# Direction switch



## tasman (Feb 17, 2007)

I am working on a new 2 lane track and want to be able to reverse power so that I can run in either direction. I don't need to switch each lane individually just want to reverse the polarity of the power.

I will be using 1 laptop power supply to power both lanes. What would be a good switch to use to reverse the power?

Thanks.


----------



## pma1123 (Apr 18, 2013)

Its a worthy mod, IMO. Gives you a whole other track to race at the flip of a switch. 
You'll want a 6 terminal DPDT switch, available at radio shack or many other places. I would think you will actually need 2 direction control switches; one for each lane. This is because you should be wiring the DPDT switch in AFTER the controller, but use the switch to swap polarity going to the track rails; not swapping polarity going through the controller.

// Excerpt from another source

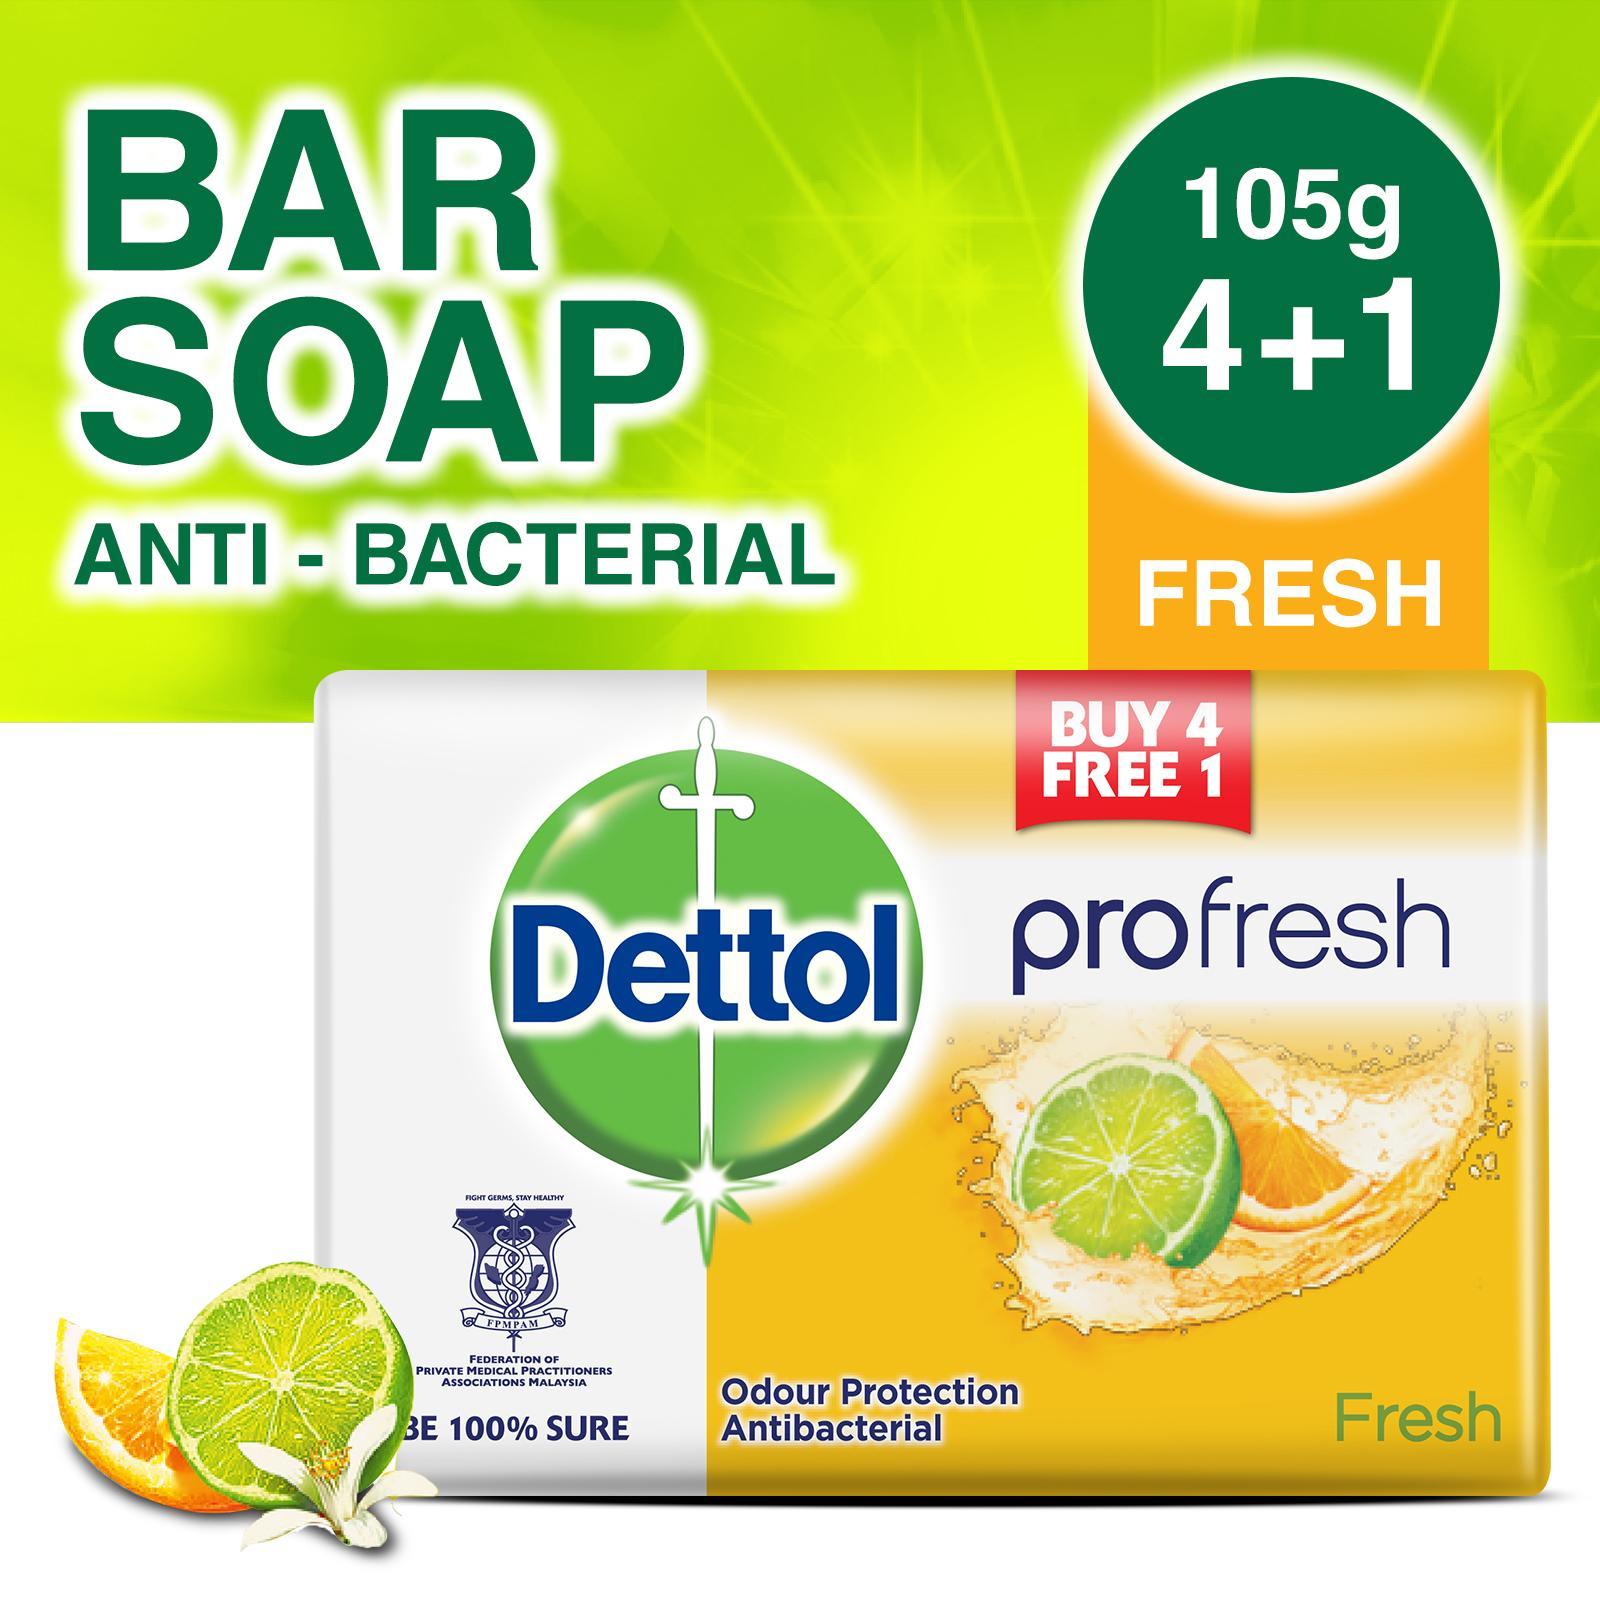 4+1 free Dettol Anti-Bacterial Bar Soap Fresh 105G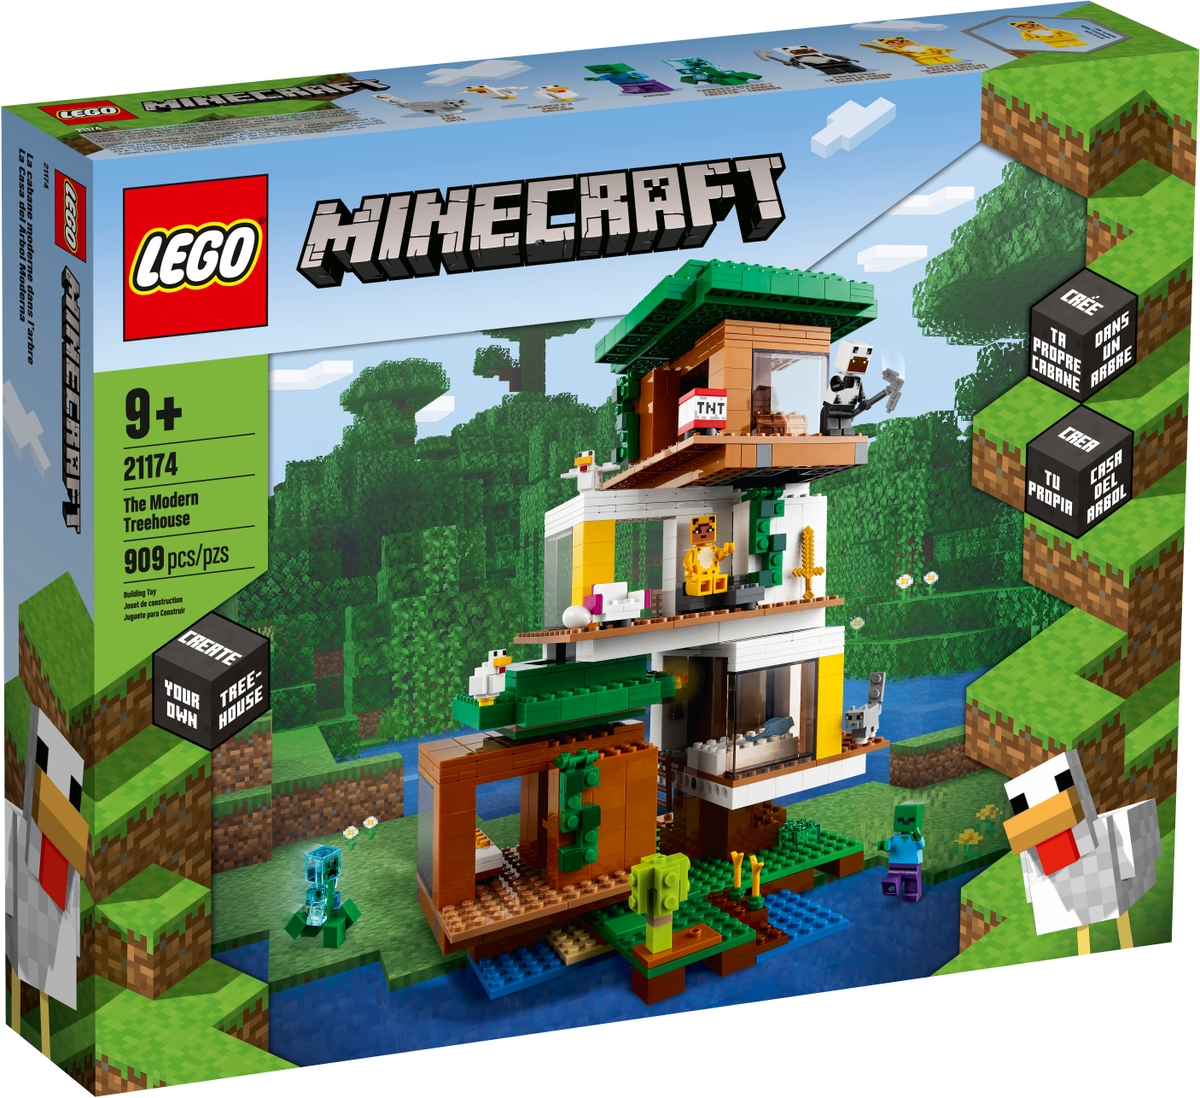 lego 21174 the modern treehouse

I don't have enough posts here to allow posting a link. Search for a wiring diagram "slot car track wiring diagram" I'm sure you'll come up with something. I found a great one on OWH website when I did my track.


----------



## slotcarman12078 (Oct 3, 2008)

One thing to keep in mind. If you want to wire each lane separately, and you're using sectional track, make sure each lane's ground is separate. Some sectional track grounds both lanes with one metal strip. The ground strip on the track would have to be cut between lanes and each ground wired separately to the switch. If you don't, you'll have a short trying to run in 2 directions at the same time.

If you have one power supply for both lanes, and you flip the polarity on one switch, there will be no issue. Make sure the switch you use is rated for 10+ Amps just to be safe. Also, the bigger the switch you get, the easier it will be to wire it.

If you're using Tomy track, and a Tomy plug into the terminal track, you can just flip the power plug and you'll have accomplished the reversal.


----------



## beast1624 (Mar 28, 2009)

I know this picture is pretty busy but it's the one I used to wire our 4-lane permanant layout. It shows how to wire the DPDT switches.


----------



## Hornet (Dec 1, 2005)

There's an easier diagram to read in this thread,Dslot's second version

http://www.hobbytalk.com/bbs1/showthread.php?t=285660


----------



## cwbam (Feb 8, 2010)

*Direction Change*

just a note,
If your controllers feel very ON or OFF try reversing them also.


----------